A deep learning signature with 9 selected features was significantly associated with OS in both training cohort (hazard ratio [HR]=5.455, 95% CI: 3.393–8.769, P<0.001) and external validation cohort (HR=3.029, 95% CI: 1.673–5.485, P=0.004). The nomogram combining deep learning signature with clinical risk factors of TNM stage, lymphatic vessel invasion and differentiation grade showed favorable discriminative ability with C-index of 0.800 as well as a good calibration, which was validated in external validation cohort (C-index=0.723). Additional value of deep learning signature to the nomogram was statistically significant (NRI=0.093, P=0.027 for training cohort; NRI=0.106, P=0.040 for validation cohort).
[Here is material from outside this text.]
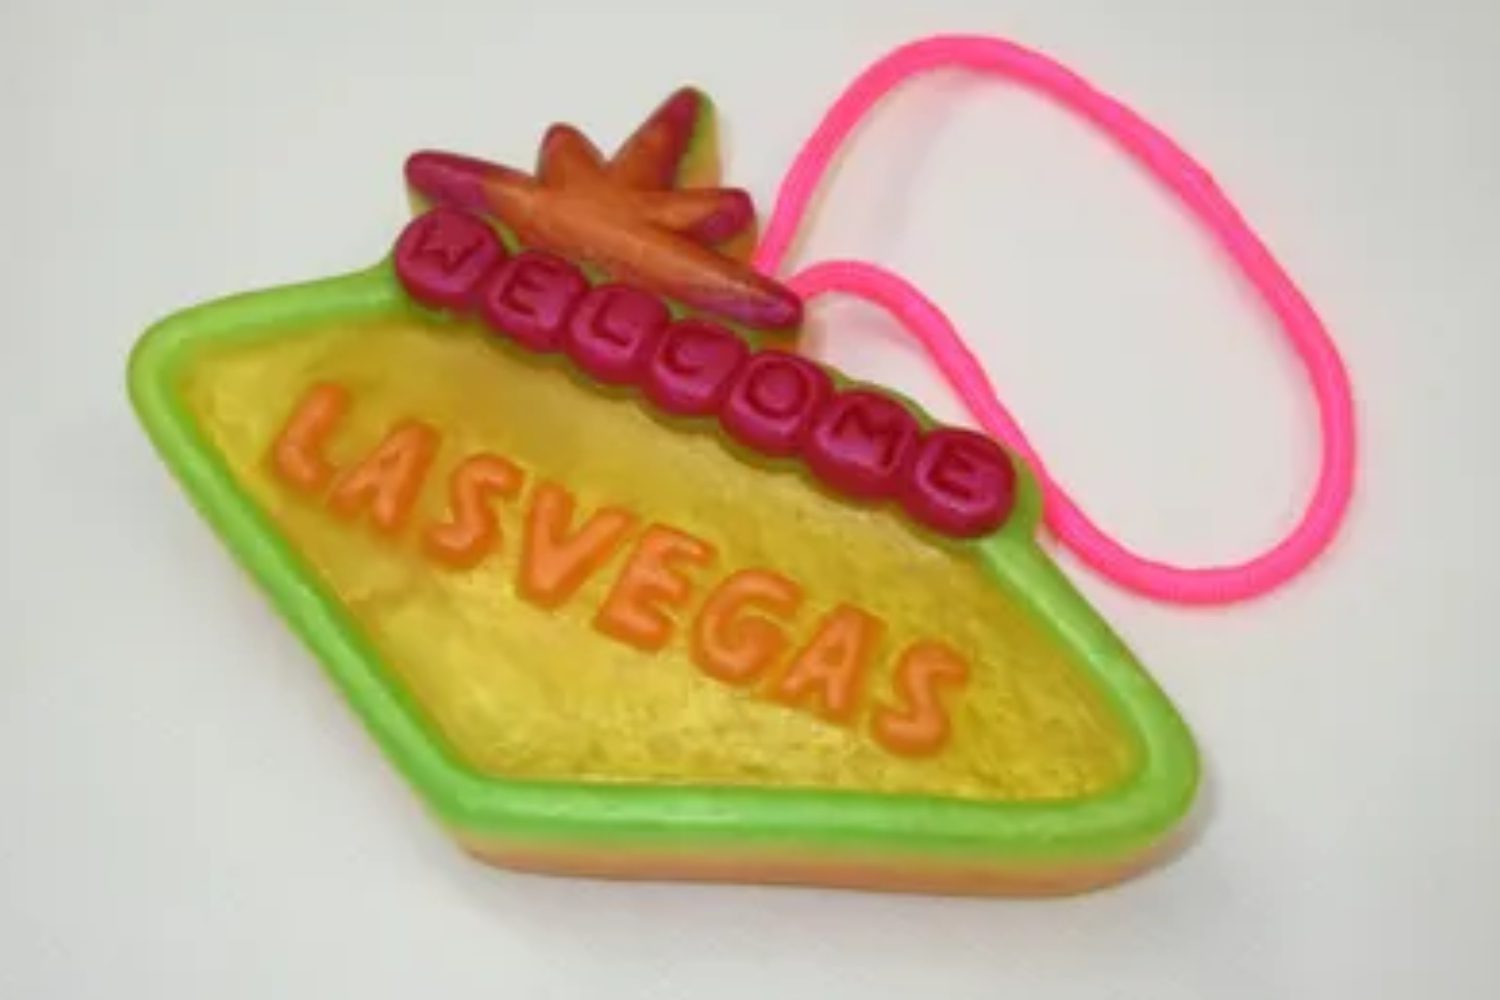 A neon sign with the word las vegas written on it.

Decision curve analysis confirmed the clinical usefulness of this nomogram in predicting OS.

Conclusion

The deep learning signature-based nomogram is a robust tool for prognostic prediction in resected NSCLC patients.

Acknowledgments

This work was supported by National Natural Scientific Foundation of China [82072090 and 81601469], Natural Science Foundation of Guangdong Province in China [2018A030313511], Guangzhou Science and Technology Project of Health [20191A011002], Clinical Research Startup Program of Southern Medical University by High-level University Construction Funding of Guangdong Provincial Department of Education [LC2016PY034].

Disclosure

The authors report no conflicts of interest in this work.